▸ **Information shown**

——

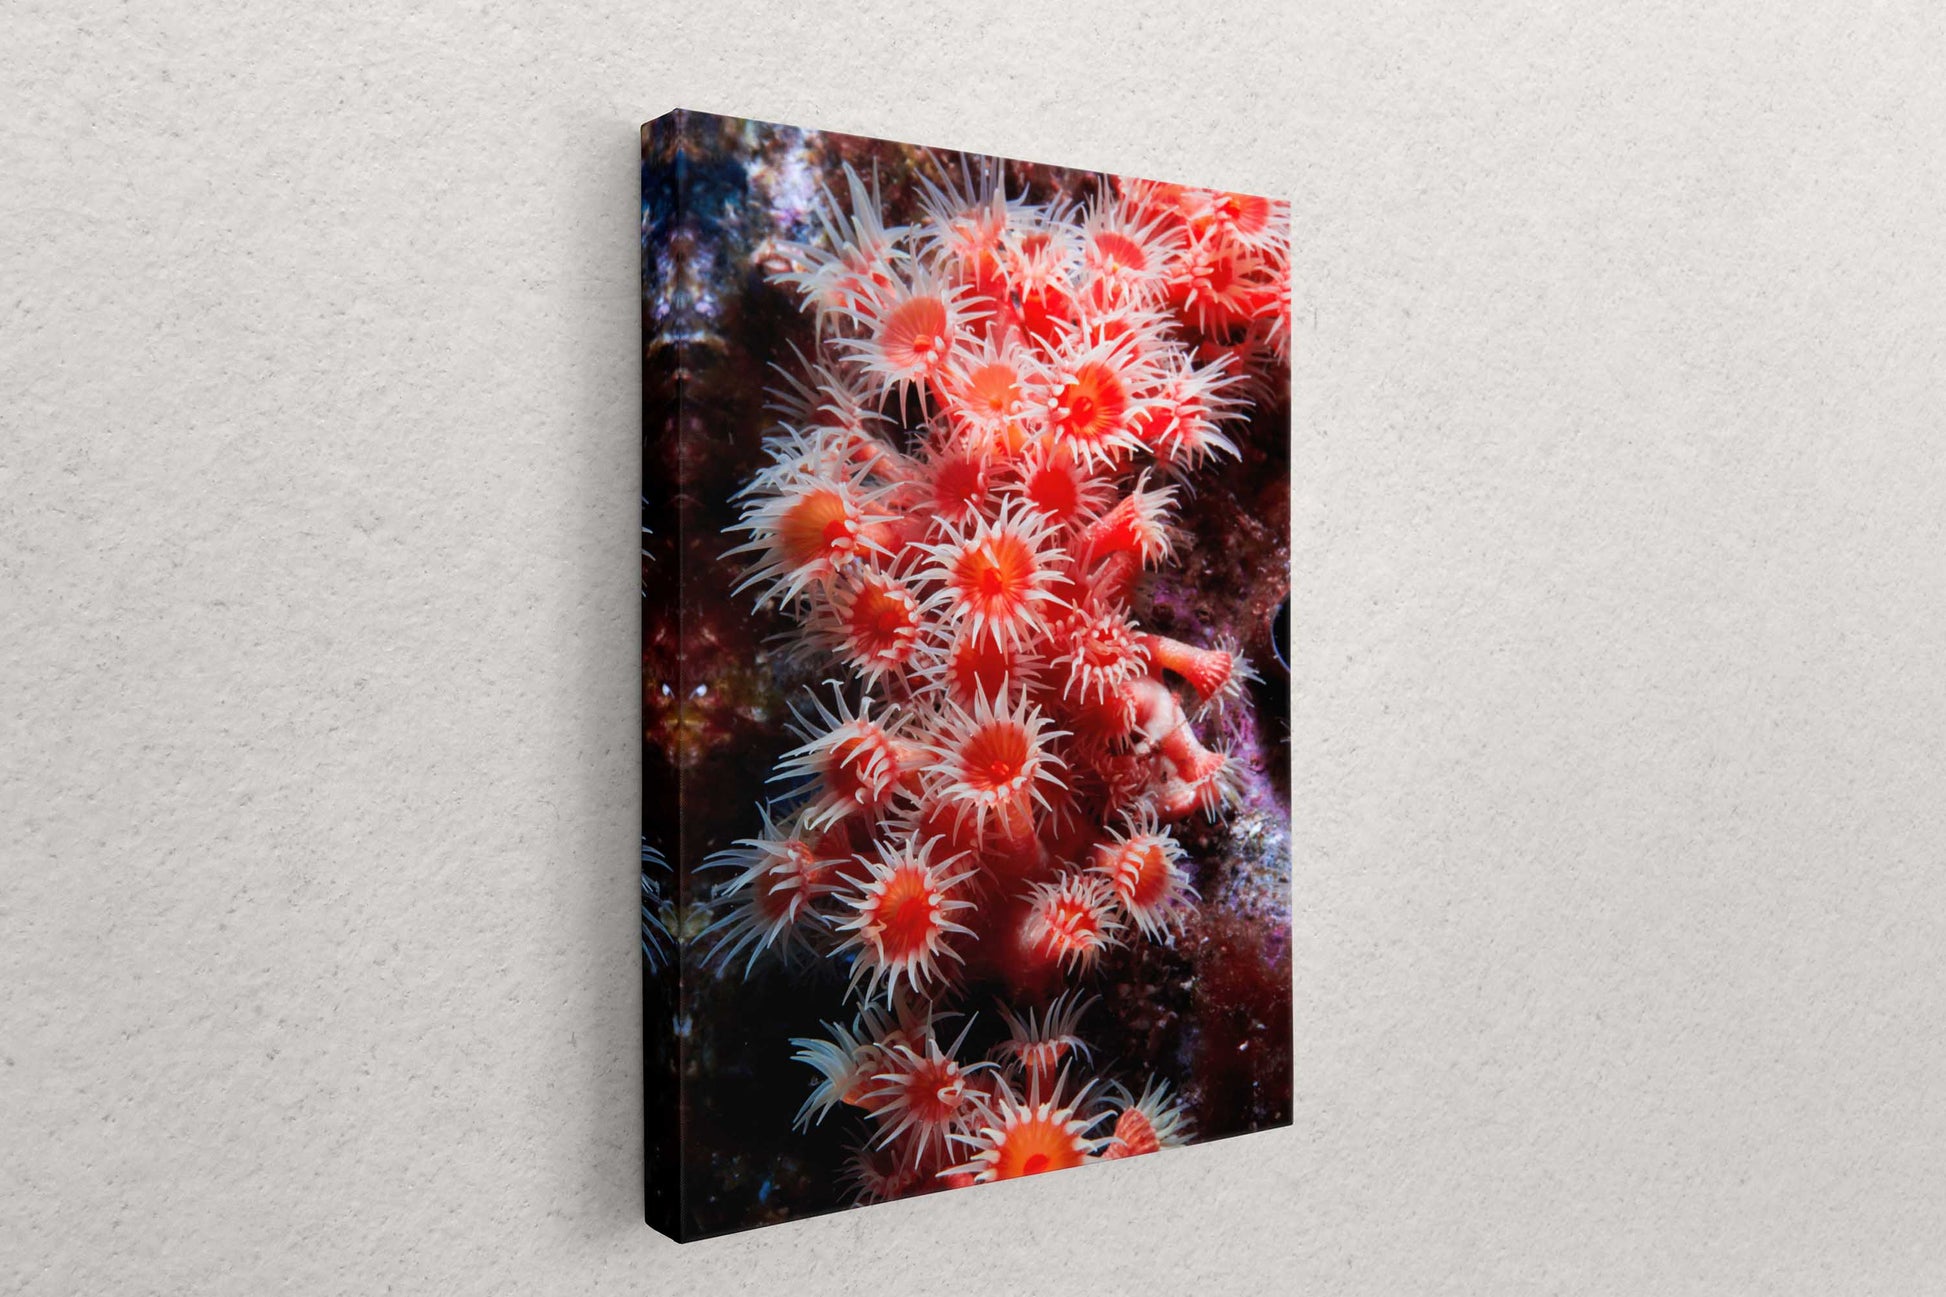 Side view of a canvas showing a red zoanthid underwater photo print leaning against a white wall.
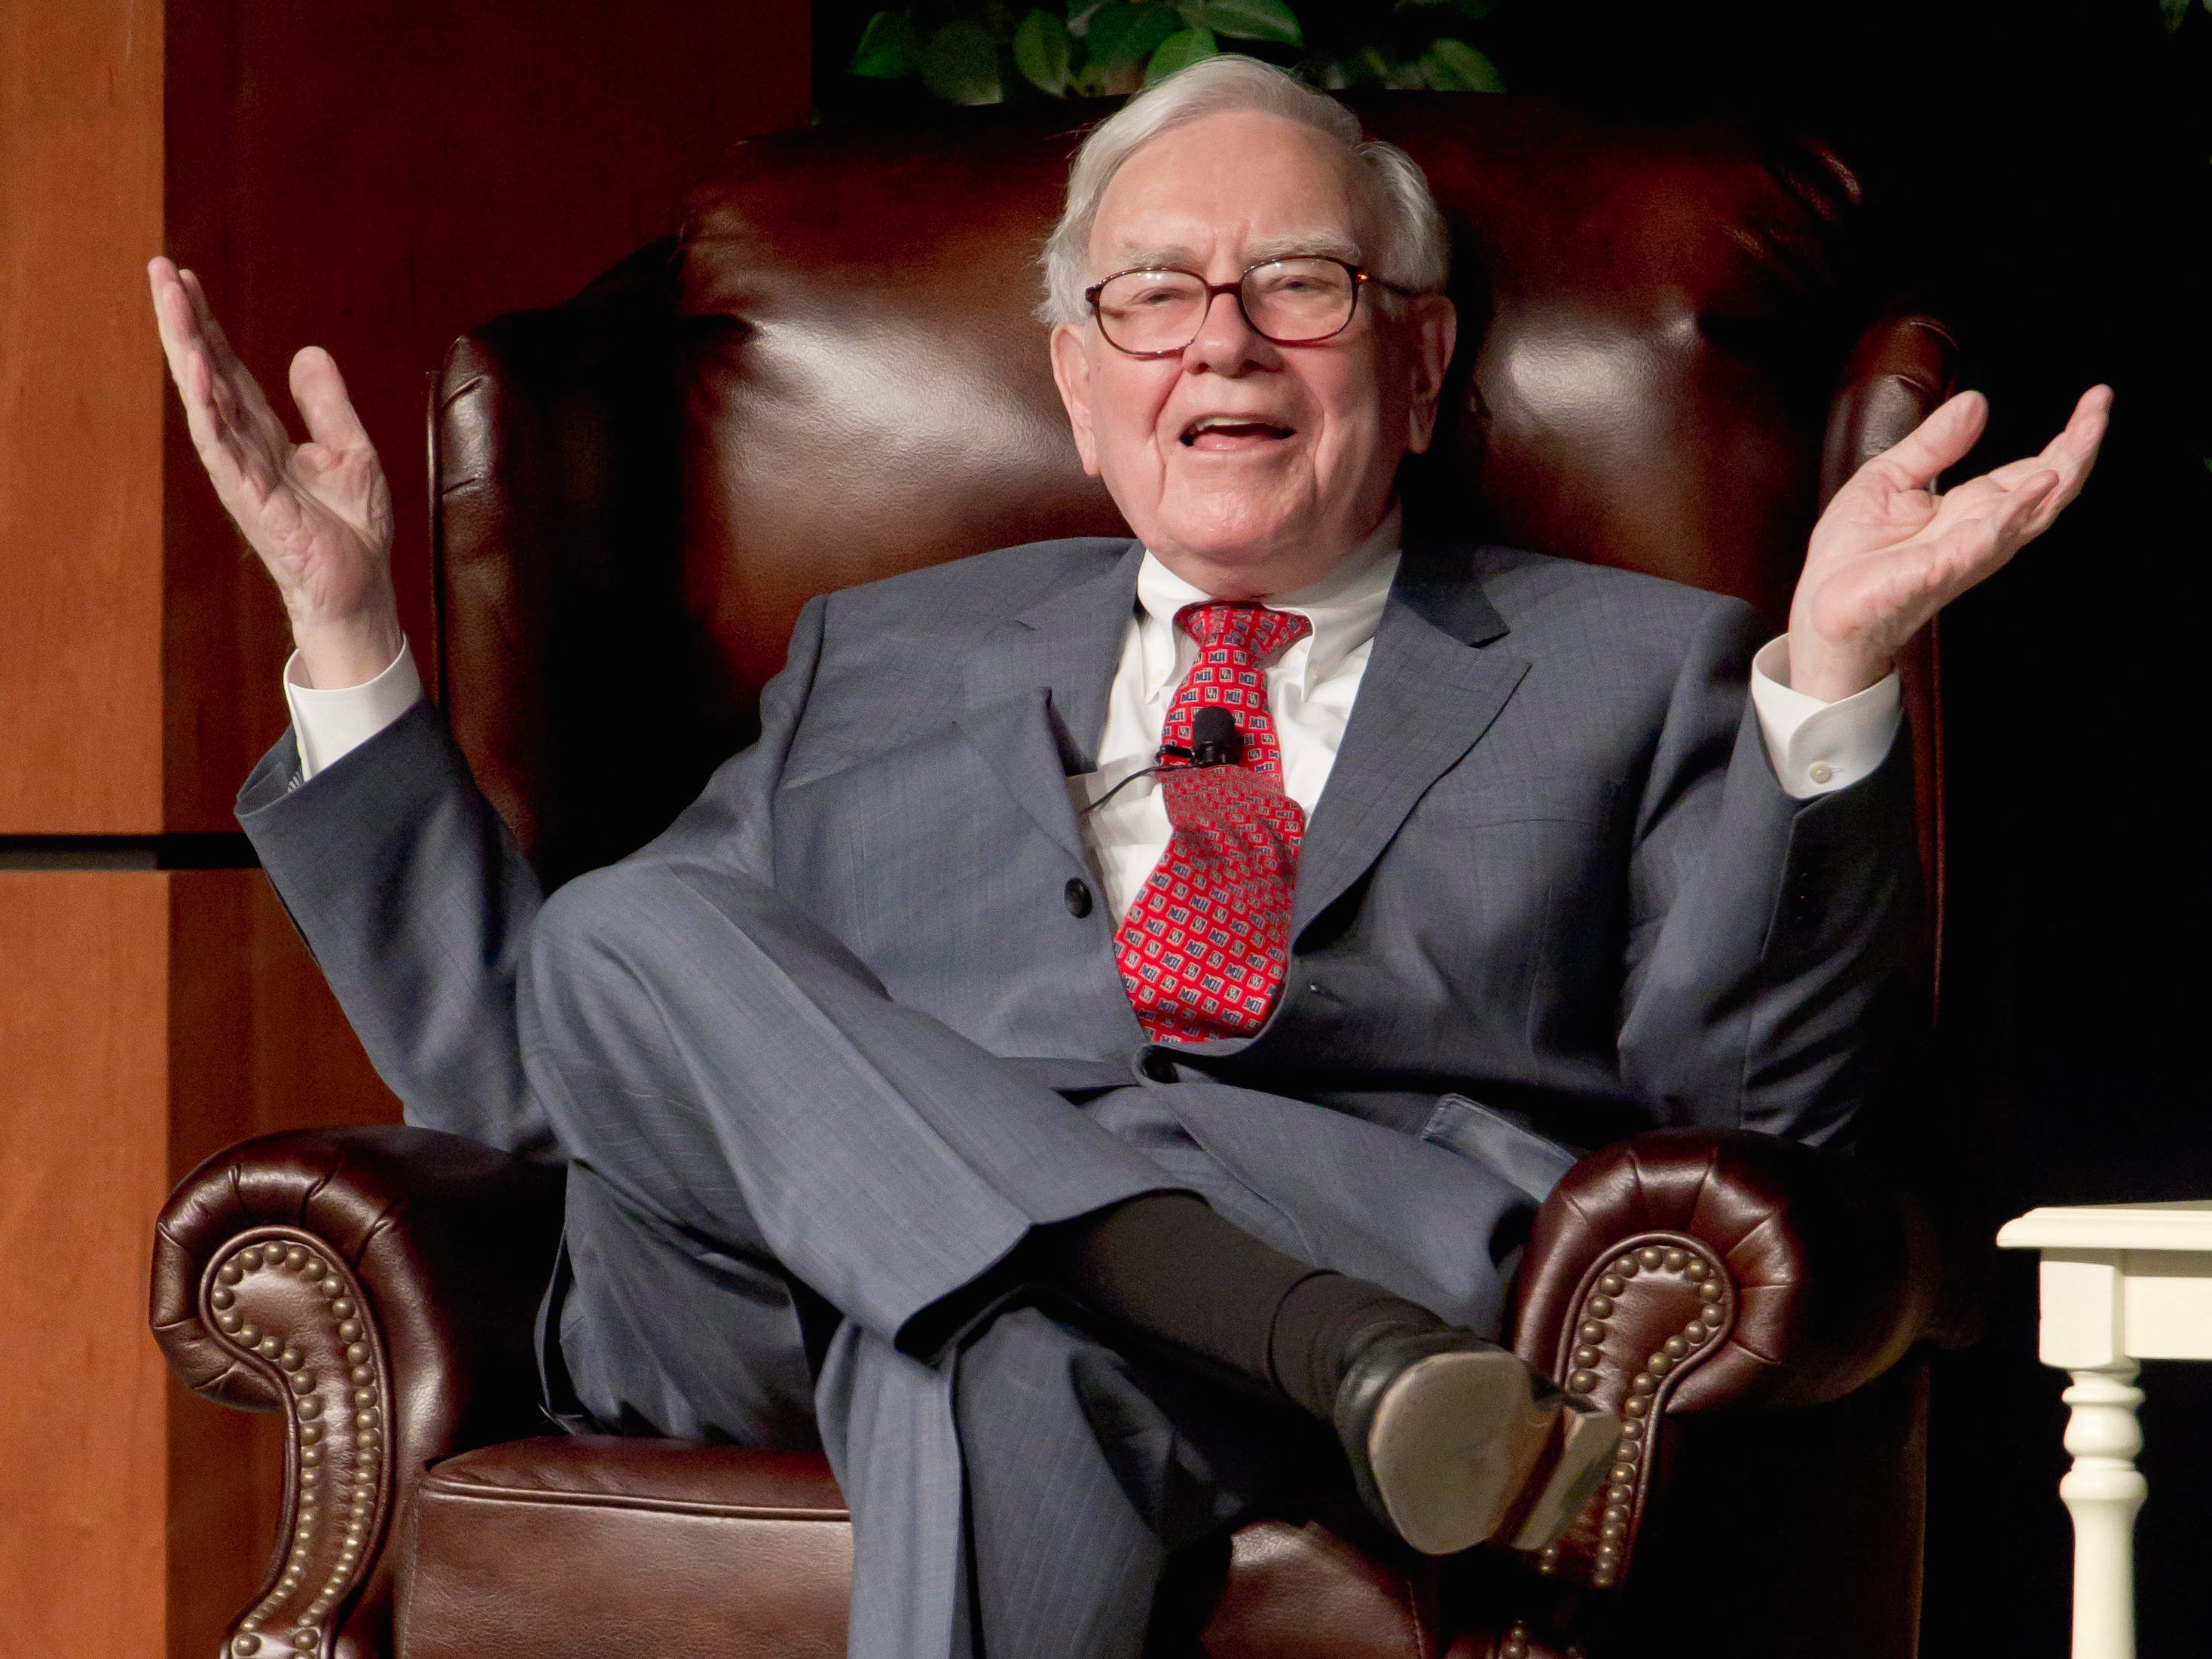 <p>Buffett has said he has about 20 suits, all made in China by designer Madame Li, according to <a href="https://www.cnbc.com/2017/02/27/warren-buffett-only-wears-suits-made-by-a-chinese-entrepreneur.html" rel="noopener">CNBC</a>. He has a longstanding friendship with Li, an entrepreneur who worked her way up in the business. He's gotten the same <a href="https://www.marketwatch.com/story/warren-buffetts-two-omahas-2015-05-19?page=1" rel="noopener">$18 hair cut</a> for years from a barber shop in the same building as his office.</p>
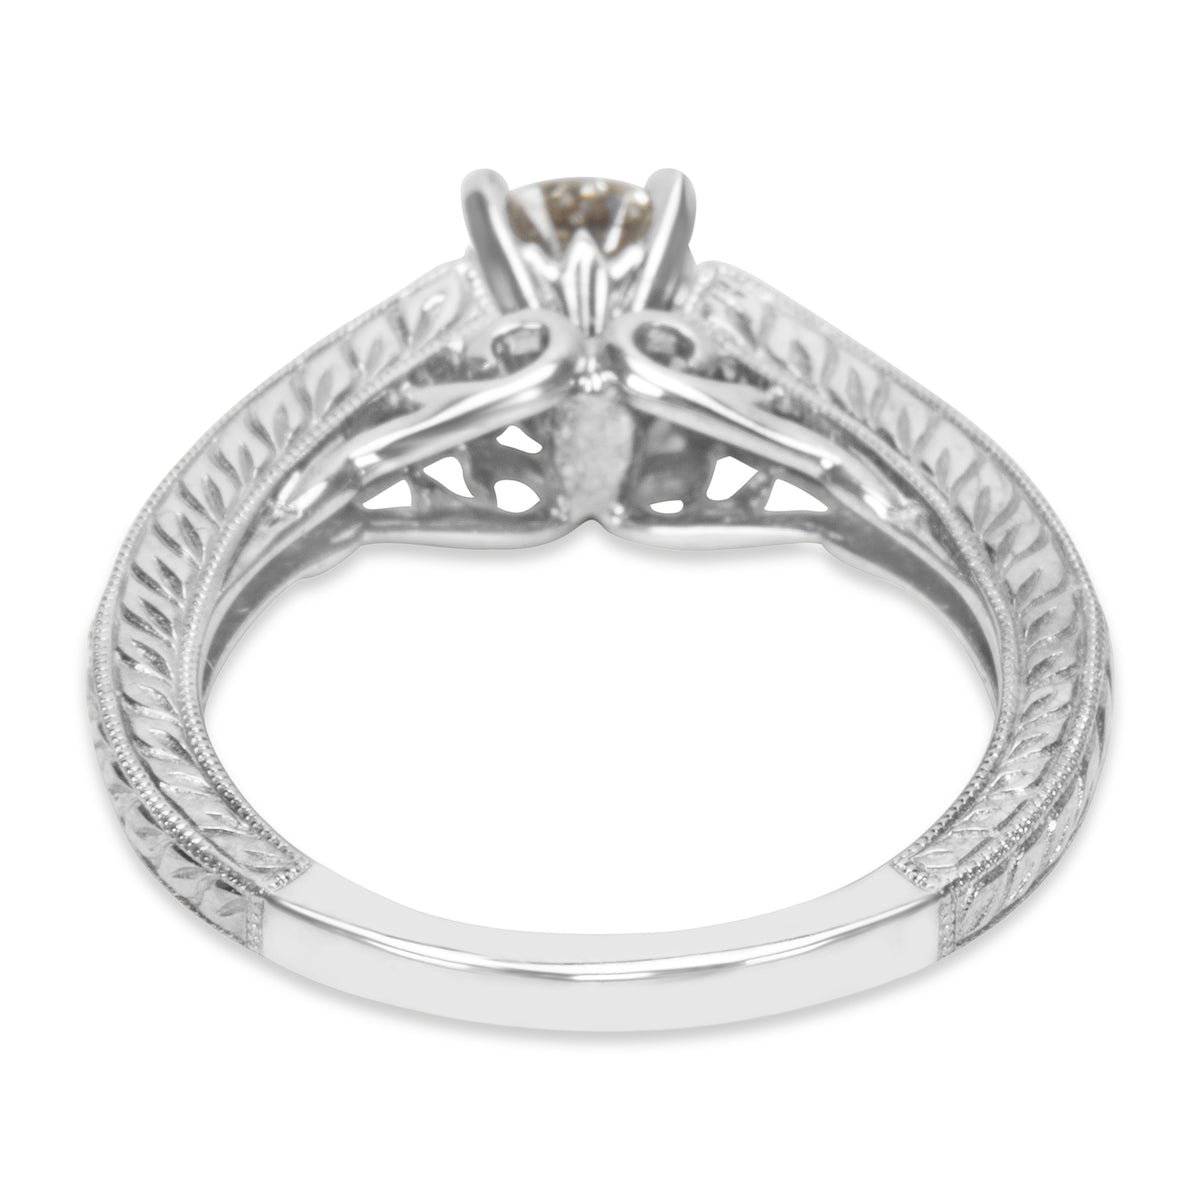 BRAND NEW Diamond Engagement Ring in 14K White Gold L-M SI2 (0.95 CTW)
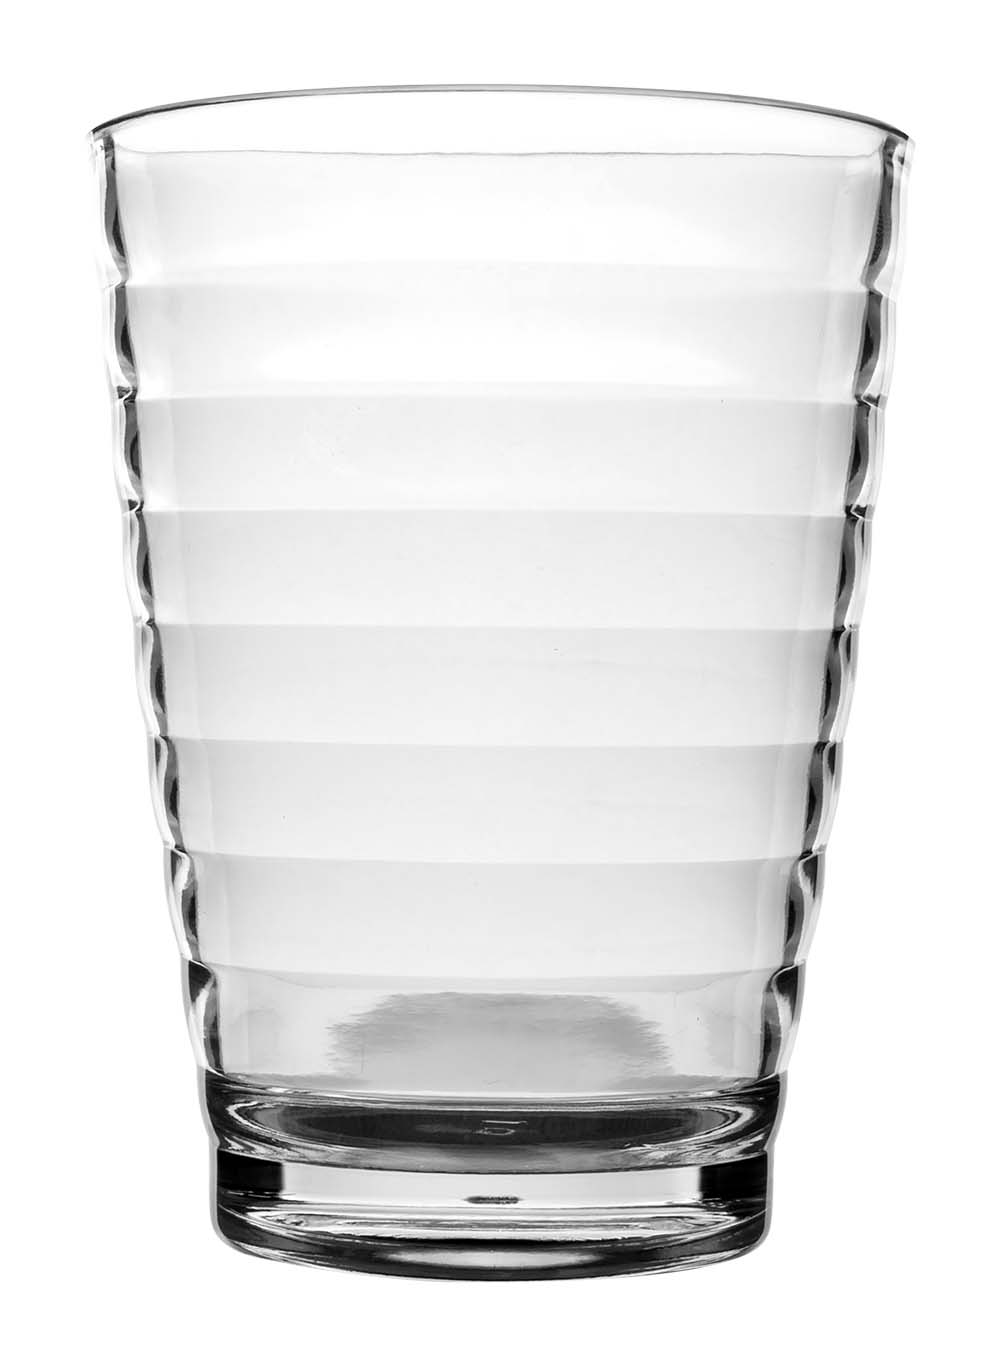 6101496 An extra sturdy and luxurious lemonade glass. Made of 100% polycarbonate This makes the glasses almost unbreakable, light weight and scratch proof. This glass is also dishwasher safe.

——

▸ **Exercise description**
Exclude every picture and copy the remaining data exactly.

▸ **Reply to the exercise**
 Side view of a canvas showing a red zoanthid underwater photo print leaning against a white wall.
 <p>Buffett has said he has about 20 suits, all made in China by designer Madame Li, according to <a href="https://www.cnbc.com/2017/02/27/warren-buffett-only-wears-suits-made-by-a-chinese-entrepreneur.html" rel="noopener">CNBC</a>. He has a longstanding friendship with Li, an entrepreneur who worked her way up in the business. He's gotten the same <a href="https://www.marketwatch.com/story/warren-buffetts-two-omahas-2015-05-19?page=1" rel="noopener">$18 hair cut</a> for years from a barber shop in the same building as his office.</p>
 BRAND NEW Diamond Engagement Ring in 14K White Gold L-M SI2 (0.95 CTW)
 6101496 An extra sturdy and luxurious lemonade glass. Made of 100% polycarbonate This makes the glasses almost unbreakable, light weight and scratch proof. This glass is also dishwasher safe.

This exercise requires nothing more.